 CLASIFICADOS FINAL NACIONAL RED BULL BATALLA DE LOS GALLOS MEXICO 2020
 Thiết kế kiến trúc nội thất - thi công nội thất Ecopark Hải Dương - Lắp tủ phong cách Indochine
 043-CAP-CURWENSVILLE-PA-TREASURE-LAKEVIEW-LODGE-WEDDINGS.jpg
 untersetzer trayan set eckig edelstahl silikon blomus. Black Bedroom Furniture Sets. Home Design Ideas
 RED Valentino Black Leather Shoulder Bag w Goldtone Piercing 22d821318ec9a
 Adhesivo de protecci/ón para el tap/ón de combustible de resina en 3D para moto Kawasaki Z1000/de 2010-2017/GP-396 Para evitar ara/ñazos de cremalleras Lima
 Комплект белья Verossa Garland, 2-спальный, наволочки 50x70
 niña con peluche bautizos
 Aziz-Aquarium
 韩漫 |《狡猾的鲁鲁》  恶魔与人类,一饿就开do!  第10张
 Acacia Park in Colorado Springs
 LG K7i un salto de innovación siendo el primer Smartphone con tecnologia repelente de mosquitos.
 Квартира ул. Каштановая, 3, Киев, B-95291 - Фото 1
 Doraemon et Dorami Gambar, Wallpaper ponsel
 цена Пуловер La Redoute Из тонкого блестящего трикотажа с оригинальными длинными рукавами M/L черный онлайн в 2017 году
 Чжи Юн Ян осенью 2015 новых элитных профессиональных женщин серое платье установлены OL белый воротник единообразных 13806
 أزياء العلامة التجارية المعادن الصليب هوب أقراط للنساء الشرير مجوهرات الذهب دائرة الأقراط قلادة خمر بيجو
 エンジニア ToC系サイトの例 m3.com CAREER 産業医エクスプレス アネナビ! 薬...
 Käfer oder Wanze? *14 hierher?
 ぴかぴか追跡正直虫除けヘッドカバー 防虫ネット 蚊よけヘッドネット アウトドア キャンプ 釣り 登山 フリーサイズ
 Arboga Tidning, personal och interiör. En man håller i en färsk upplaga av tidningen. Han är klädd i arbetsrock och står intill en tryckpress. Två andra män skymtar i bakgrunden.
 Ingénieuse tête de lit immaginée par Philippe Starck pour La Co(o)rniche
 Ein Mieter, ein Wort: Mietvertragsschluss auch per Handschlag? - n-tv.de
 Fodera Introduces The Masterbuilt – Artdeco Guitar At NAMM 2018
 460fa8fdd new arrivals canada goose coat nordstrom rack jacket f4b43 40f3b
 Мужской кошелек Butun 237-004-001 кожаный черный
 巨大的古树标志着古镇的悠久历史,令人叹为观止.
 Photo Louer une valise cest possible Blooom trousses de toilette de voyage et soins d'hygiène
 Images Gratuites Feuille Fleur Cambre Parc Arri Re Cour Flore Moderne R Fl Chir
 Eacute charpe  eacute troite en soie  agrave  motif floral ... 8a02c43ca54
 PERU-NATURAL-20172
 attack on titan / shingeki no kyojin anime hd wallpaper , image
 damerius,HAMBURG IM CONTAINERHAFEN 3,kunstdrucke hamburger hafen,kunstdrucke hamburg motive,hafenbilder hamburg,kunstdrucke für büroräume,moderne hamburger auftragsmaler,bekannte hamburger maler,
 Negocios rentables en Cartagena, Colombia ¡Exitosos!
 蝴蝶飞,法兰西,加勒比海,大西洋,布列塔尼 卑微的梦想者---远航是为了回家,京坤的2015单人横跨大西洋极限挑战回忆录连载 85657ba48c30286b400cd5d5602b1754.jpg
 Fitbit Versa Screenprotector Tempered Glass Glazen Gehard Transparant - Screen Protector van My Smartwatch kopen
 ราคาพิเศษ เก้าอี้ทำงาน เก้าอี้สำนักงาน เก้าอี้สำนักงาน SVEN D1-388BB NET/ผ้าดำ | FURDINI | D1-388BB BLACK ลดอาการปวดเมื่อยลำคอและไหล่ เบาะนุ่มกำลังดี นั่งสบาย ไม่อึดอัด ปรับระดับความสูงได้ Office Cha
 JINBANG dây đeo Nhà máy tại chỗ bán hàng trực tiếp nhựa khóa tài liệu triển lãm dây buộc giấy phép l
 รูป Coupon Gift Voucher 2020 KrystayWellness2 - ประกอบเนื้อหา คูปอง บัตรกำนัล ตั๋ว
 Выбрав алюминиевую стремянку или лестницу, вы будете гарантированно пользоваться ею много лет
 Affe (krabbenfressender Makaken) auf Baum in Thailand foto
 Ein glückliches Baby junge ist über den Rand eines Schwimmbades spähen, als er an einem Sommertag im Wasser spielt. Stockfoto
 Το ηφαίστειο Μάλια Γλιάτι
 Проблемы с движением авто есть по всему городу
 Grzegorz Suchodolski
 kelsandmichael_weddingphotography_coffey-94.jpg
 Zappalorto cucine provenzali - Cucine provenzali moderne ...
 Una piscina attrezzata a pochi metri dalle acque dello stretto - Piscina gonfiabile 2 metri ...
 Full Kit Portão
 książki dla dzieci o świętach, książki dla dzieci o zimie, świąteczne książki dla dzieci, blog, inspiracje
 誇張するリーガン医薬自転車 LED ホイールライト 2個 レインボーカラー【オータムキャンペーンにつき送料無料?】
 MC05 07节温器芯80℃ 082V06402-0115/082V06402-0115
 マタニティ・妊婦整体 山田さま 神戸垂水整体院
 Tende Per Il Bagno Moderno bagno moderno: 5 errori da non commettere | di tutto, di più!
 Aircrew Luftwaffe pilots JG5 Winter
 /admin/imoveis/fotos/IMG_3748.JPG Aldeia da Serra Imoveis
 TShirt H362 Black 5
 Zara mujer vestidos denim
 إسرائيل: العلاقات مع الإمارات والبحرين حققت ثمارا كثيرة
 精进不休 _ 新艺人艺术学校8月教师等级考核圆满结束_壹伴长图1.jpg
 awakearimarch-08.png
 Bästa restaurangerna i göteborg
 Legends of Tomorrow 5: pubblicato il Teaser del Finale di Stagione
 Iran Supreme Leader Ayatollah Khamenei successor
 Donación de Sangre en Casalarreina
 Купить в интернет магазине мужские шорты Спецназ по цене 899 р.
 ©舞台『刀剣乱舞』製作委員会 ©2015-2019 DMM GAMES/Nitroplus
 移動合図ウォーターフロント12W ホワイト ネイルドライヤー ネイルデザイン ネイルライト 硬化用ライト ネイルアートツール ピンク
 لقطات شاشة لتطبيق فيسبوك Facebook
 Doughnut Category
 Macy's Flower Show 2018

→ Problem to work on
Find every line above where the word "черный" occurs, and copy that line.

→ Written response
 цена Пуловер La Redoute Из тонкого блестящего трикотажа с оригинальными длинными рукавами M/L черный онлайн в 2017 году
 Мужской кошелек Butun 237-004-001 кожаный черный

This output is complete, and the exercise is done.